Not finding fault with your explanation, just adding my own color:
The subject is "active/powered speakers", but we are talking about powered speakers. Further, there are no "active speakers", there are active (crossover) filters. That is, there are passive filters (made of capacitors, inductors, and resistors), and active filters (which contain gain elements, resistors and capacitors).
Active filters are more flexible in a number of ways, and don't lose signal level—and eliminate inductors entirely, the most annoying component—but it's impractical to feed them with high voltage signal levels and power. Passive filters only need the proper ratings on the components, and don't need to be powered. So, if a power amp is feeding a crossover (in a passive speaker system), it's going to be a passive crossover. And if the speaker is powered and has drivers over multiple bands, it's almost certainly an active crossover feeding multiple amps.

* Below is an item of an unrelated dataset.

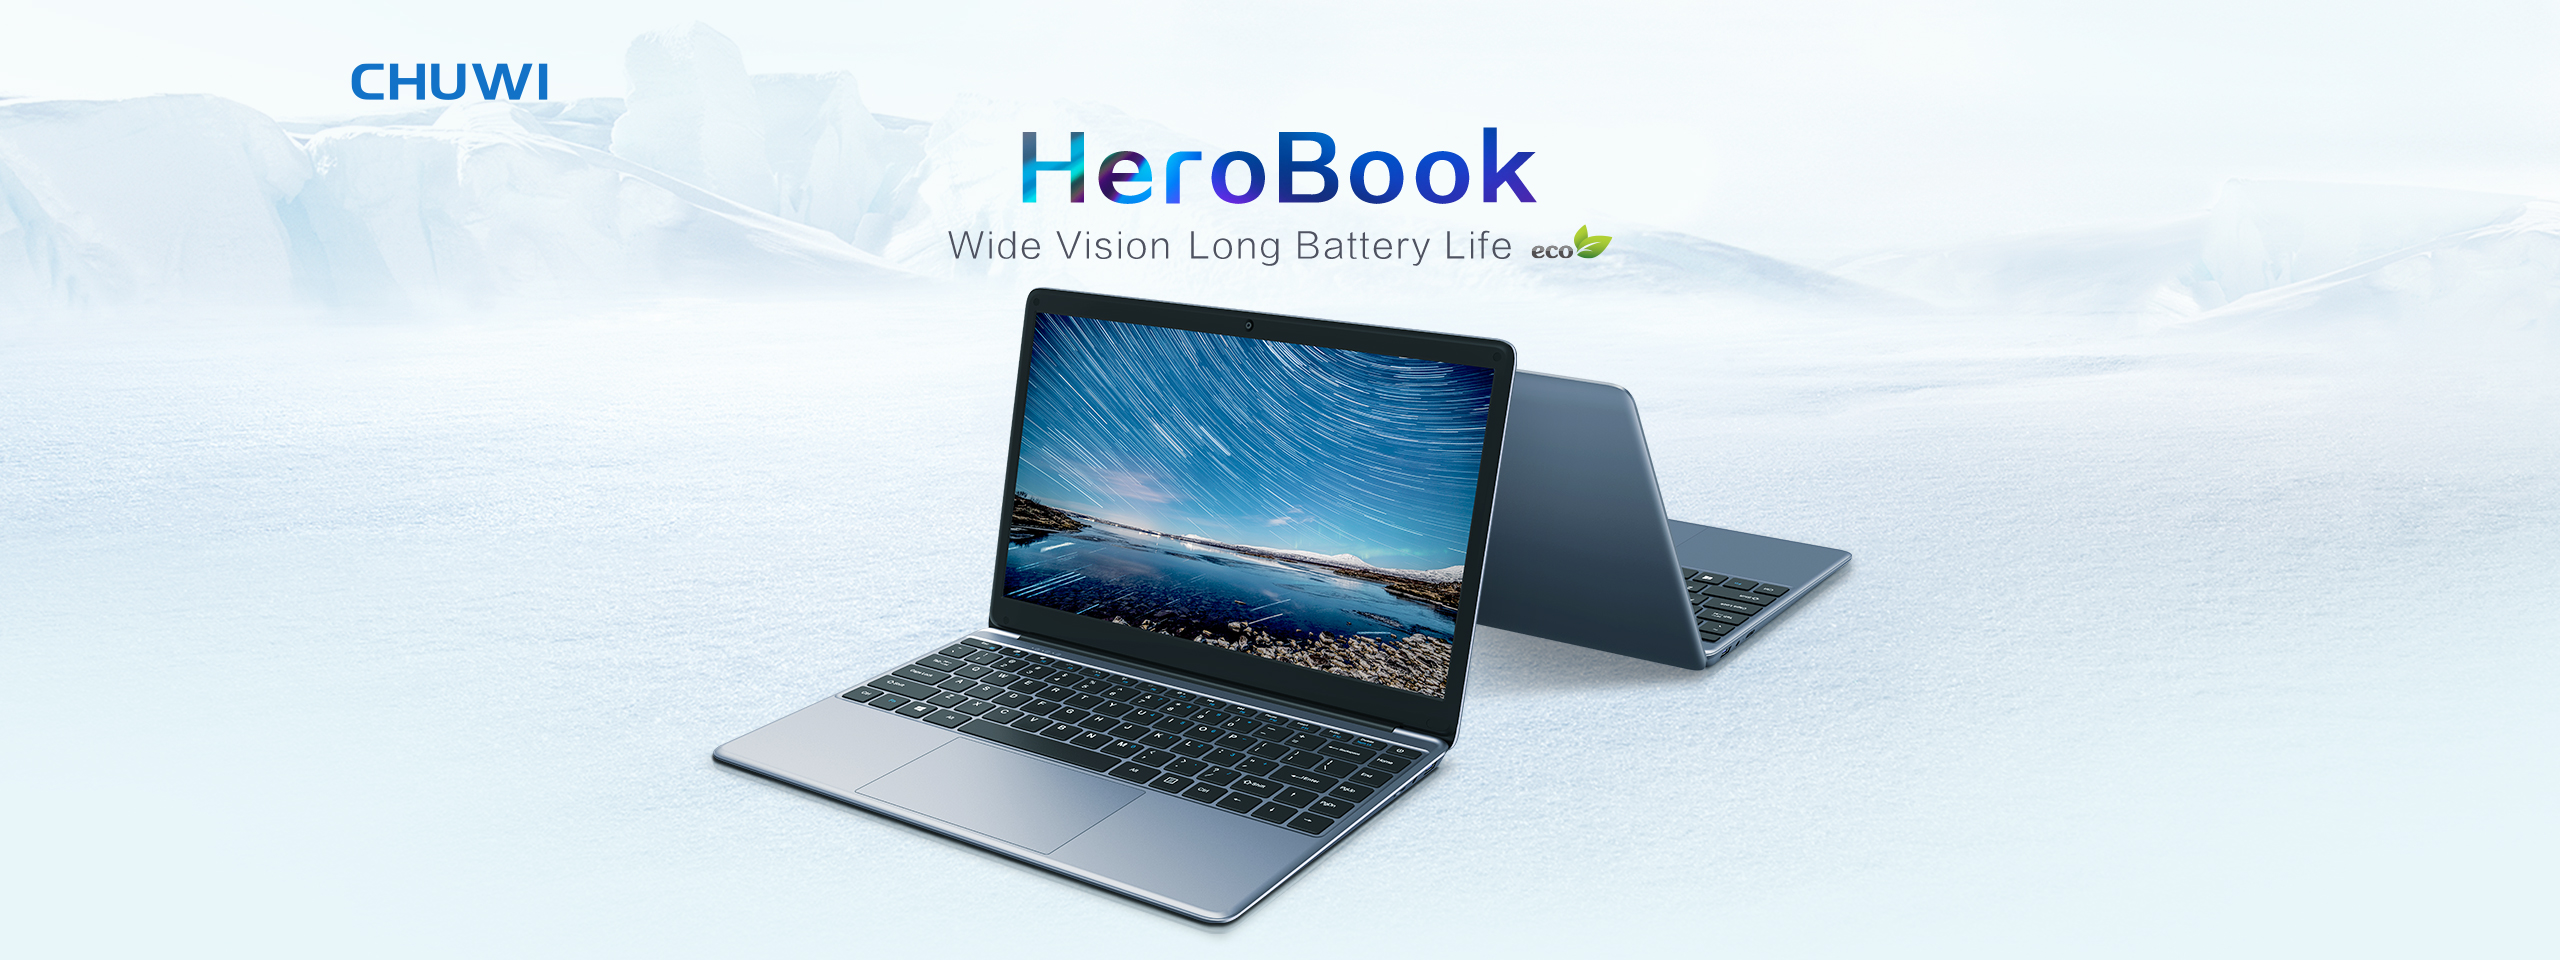 PC/タブレット ノートPC HeroBook-Laptop-Products-Chuwi Official -Laptop, Android/Windows

Of course it's possible to have a powered multi-way speaker that has a single amp and a passive crossover, but usually powered multi-way speakers want to have efficient amplification (for heat purposes, at minimum).
And, of course, it's possible to have passive speaker enclosures fed by multiple amps, fed by active crossovers. Probably still used in large-scale professional sound (concerts), and at one time in studios. I used to use (still have) 8-inch 2-way speakers with separate 12-inch woofer cabinets, using a rack-mount active crossover to amp the 2-way cabinet and the woofer cabinets separately—so there are both active and passive crossovers involved.
But really we're either talking about power speakers (that happen to have active crossovers), and unpowered speakers (that happen to have passive crossovers). So "active" is pretty much a moot point for the purposes of this thread.